Is Jose Mourinho an outsider to modern football? How have his tactics changed if so?

How Mourinho’s ‘outsider mentality’ has shaped his tactics

The outsiders: those on sidelines that stand against all odds or sink to a life of misery. We see them everywhere: on the street, sometimes drunk and resting against a wall, and sometimes quiet and invisible to the everyday eye, and sometimes even on their multi-million yachts in Monaco.
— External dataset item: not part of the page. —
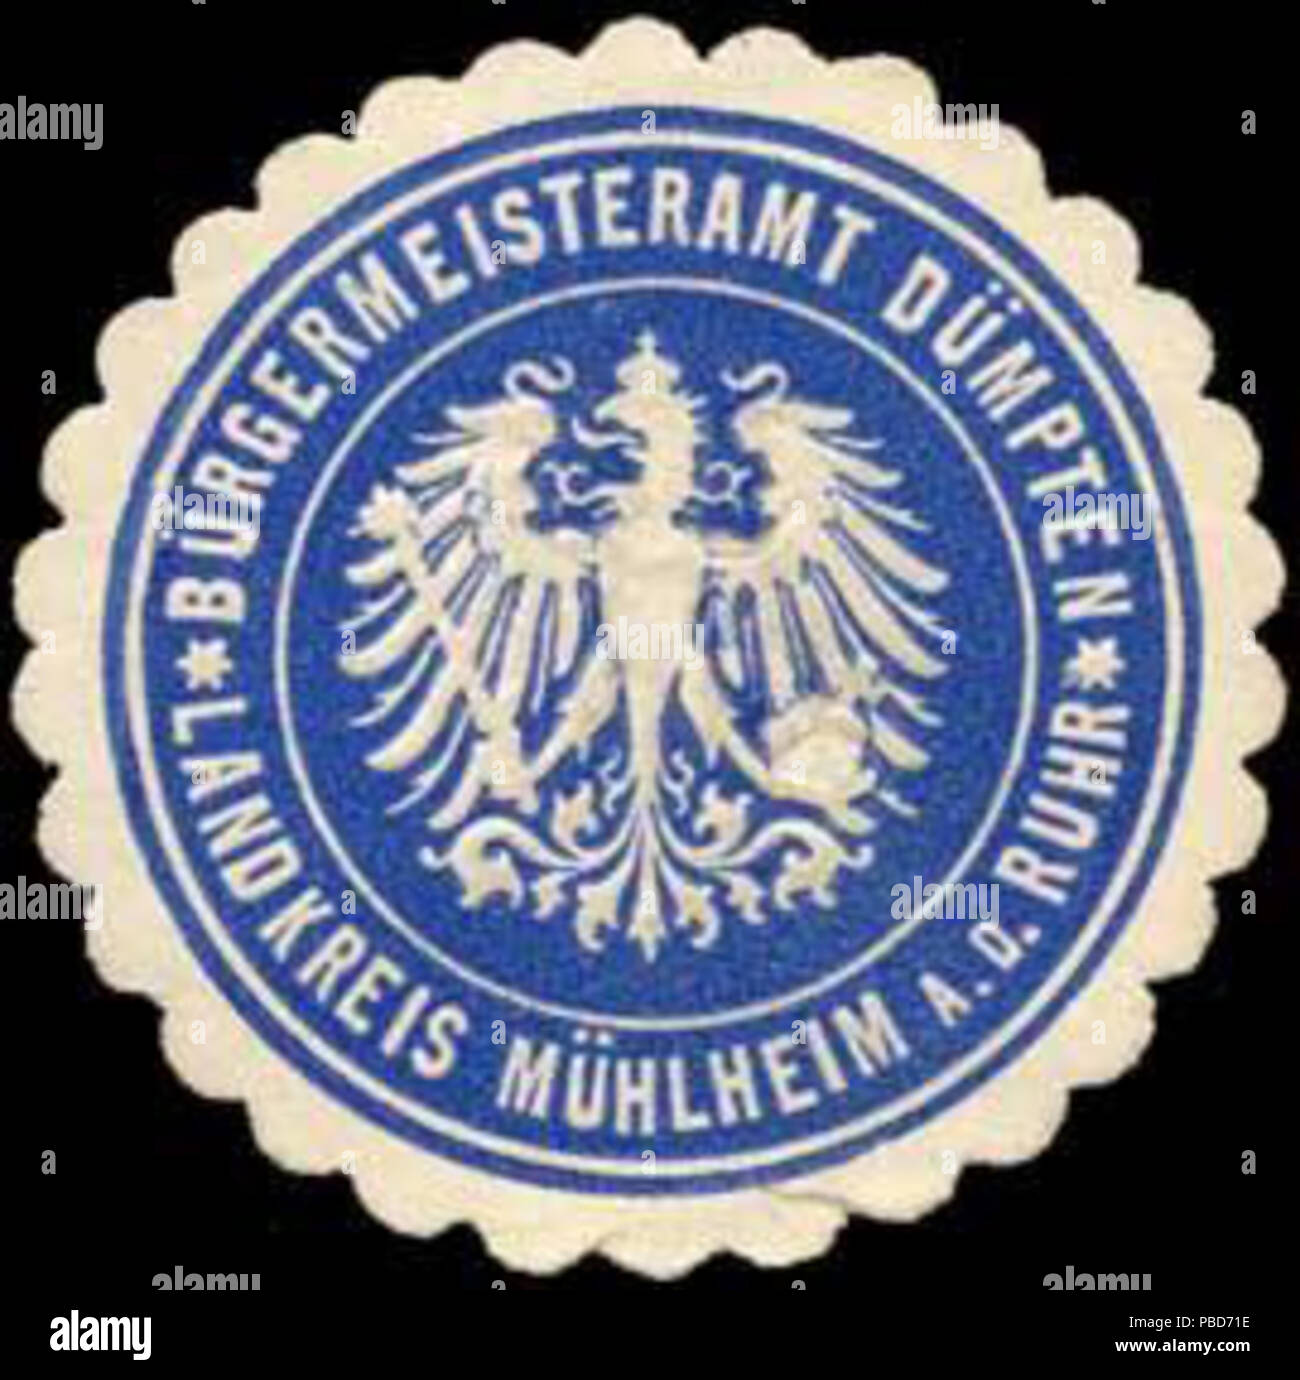 Alte Briefverschlussmarke aus Papier, welche seit ca. 1850 von Behoerden, Anwaelten, Notaren und Firmen zum verschliessen der Post verwendet wurde. 1331 Siegelmarke Bürgermeisteramt Dümpten - Landkreis Mühlheim an der Ruhr W0259893 Foto Stock

The versions are countless.

There is an Indonesian movie called The Raid in which the antagonist is a short man who’s fought against the odds his whole life and, as a result, has built a backbone and a liking for getting himself into the ‘underdog position’. Supremely confident in his fighting skills, he fought two against one or bare-handed against a knife-wielder, or would pick on a heavier opponent.

Youtube: Mourinho the underdog.

In the competitive game of football they are like ink in water. They are the Suttons of the FA Cup and the Liverpools at 3-0 against Milan. They are sometimes the underachievers, or underdogs who can become the heroes. But sometimes they are the habitual winners who fight when they fail to win. Jose Mourinho is inked from top to bottom either way.
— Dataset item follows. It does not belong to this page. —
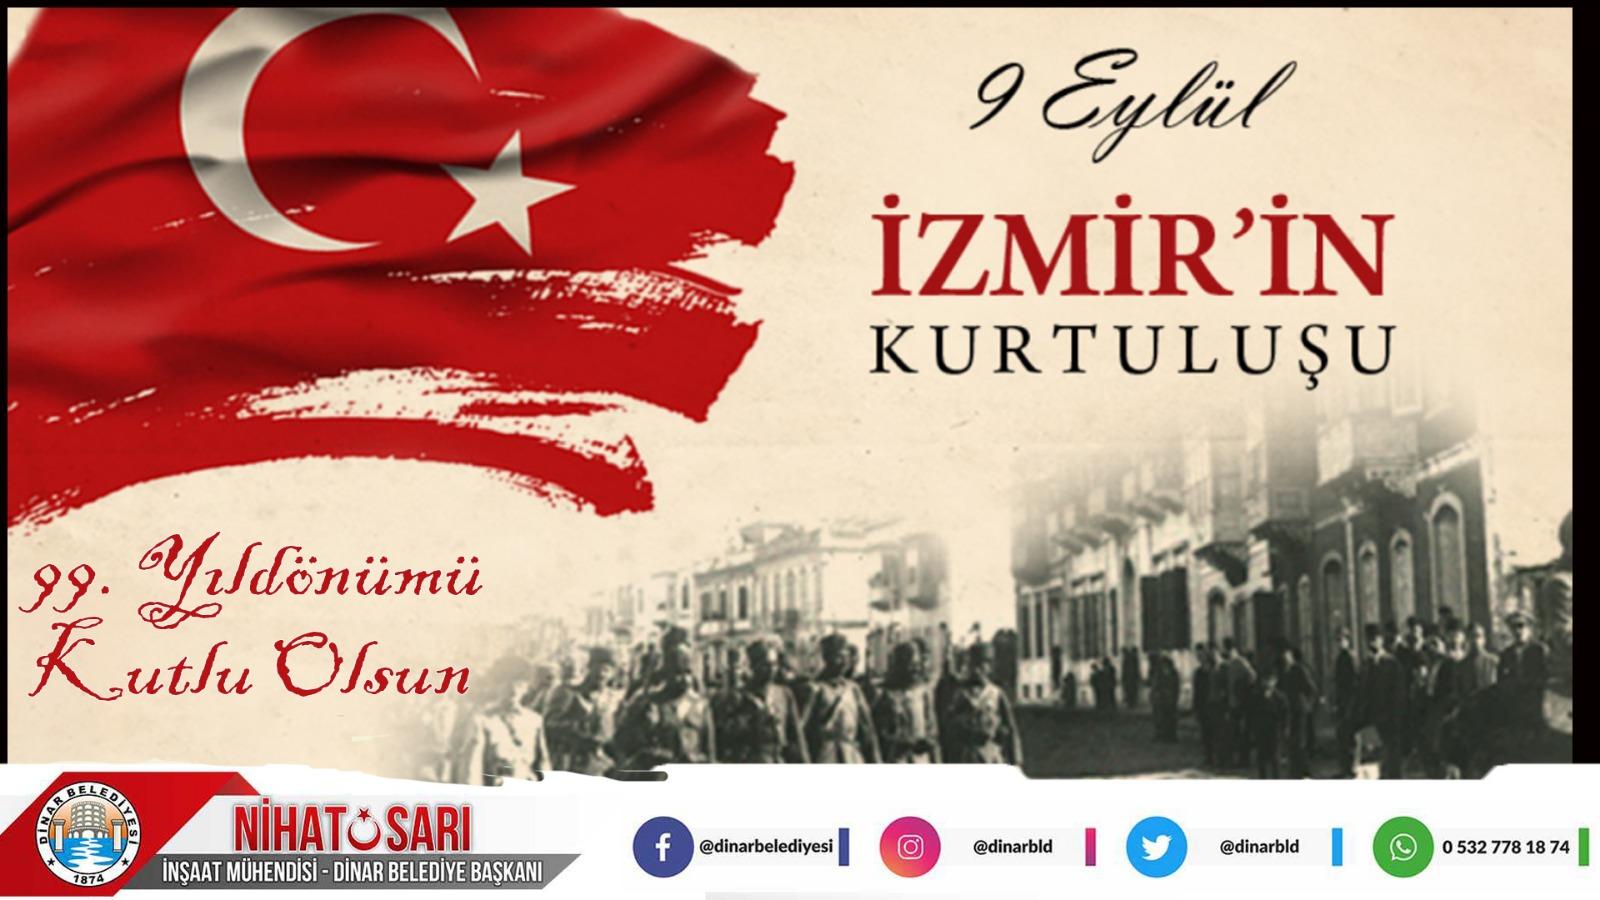 Başkan Sarı’dan İzmir’in Kurtuluş yıldönümü mesajı

Ever since his arrival from Porto to Chelsea, he made sure everybody knew it: ‘I’m a Special one’ he mustered with his broken English, perhaps meaning he had won the Champions League before; that he was not a ‘Jose who?’

At Chelsea, he was criticised for constructing a side too boring and defensive and at Madrid – for turning 30+ million creative players into ordinary defenders. United are next in line. They have the second-best defensive record this season, behind Chelsea and Tottenham. They also offensively trail to the leaders by 20 goals. Who could’ve known…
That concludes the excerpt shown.